Question icon
Grade 12Physical Chemistry

Calculate the pH of the resultant mixtures: a) 10 mL of 0.2M Ca(OH)2 + 25 mL of 0.1M HCl b) 10 mL of 0.01M H2SO4 + 10 mL of 0.01M Ca(OH)2 c) 10 mL of 0.1M H2SO4 + 10 mL of 0.1M KOH

Profile image of sudhanshu
12 Years agoGrade 12
Answers icon

1 Answer

Profile image of Askiitians Tutor Team
ApprovedApproved Tutor Answer1 Year ago

To calculate the pH of the resultant mixtures, we need to first determine the moles of the acids and bases involved in each reaction. Then, we can find out whether there is an excess of acid or base after the reaction, which will help us calculate the pH. Let's break down each mixture step by step.

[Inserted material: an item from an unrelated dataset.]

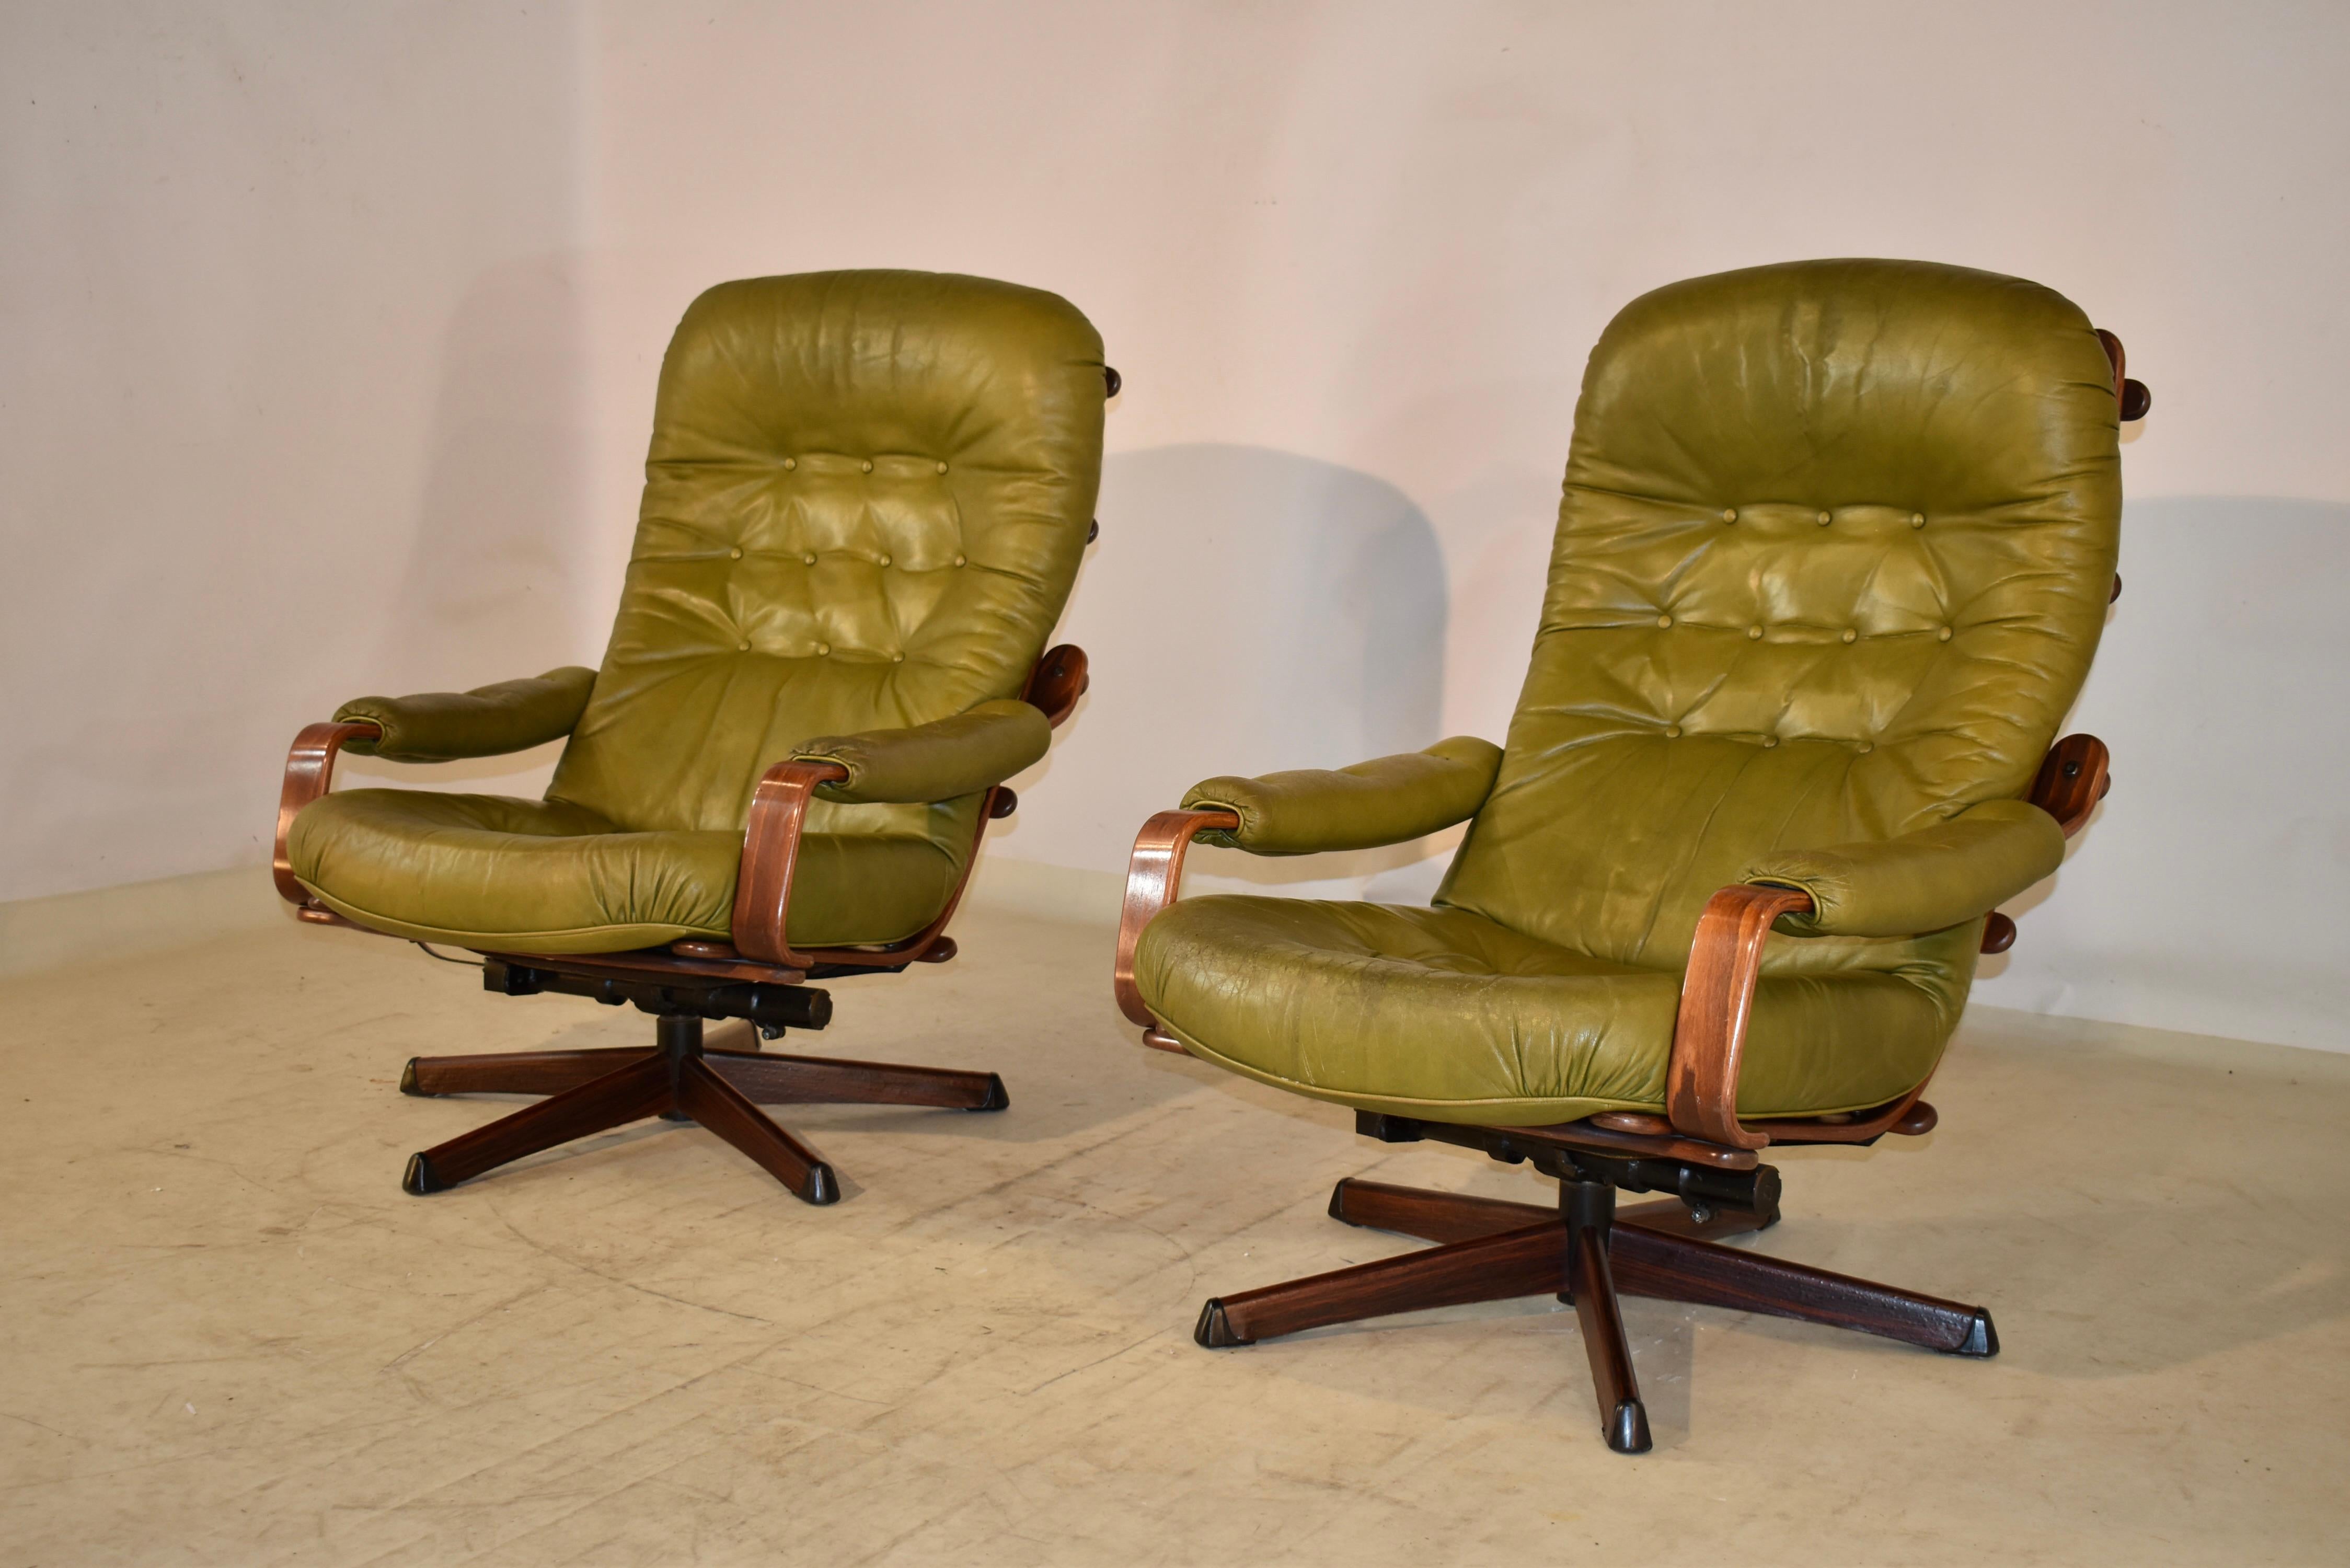 Scandinavian Modern Pair of Göte Mobler Mid-Century Leather Chairs, circa 1960s For Sale

Mixture A: 10 mL of 0.2M Ca(OH)2 + 25 mL of 0.1M HCl

First, we calculate the moles of Ca(OH)2 and HCl:

  • Moles of Ca(OH)2 = Volume (L) × Concentration (M) = 0.010 L × 0.2 mol/L = 0.002 mol
  • Moles of HCl = Volume (L) × Concentration (M) = 0.025 L × 0.1 mol/L = 0.0025 mol

Next, we look at the reaction:

Ca(OH)2 + 2 HCl → CaCl2 + 2 H2O

From the balanced equation, 1 mole of Ca(OH)2 reacts with 2 moles of HCl. Therefore, 0.002 moles of Ca(OH)2 would require 0.004 moles of HCl. However, we only have 0.0025 moles of HCl available. This means HCl is the limiting reactant.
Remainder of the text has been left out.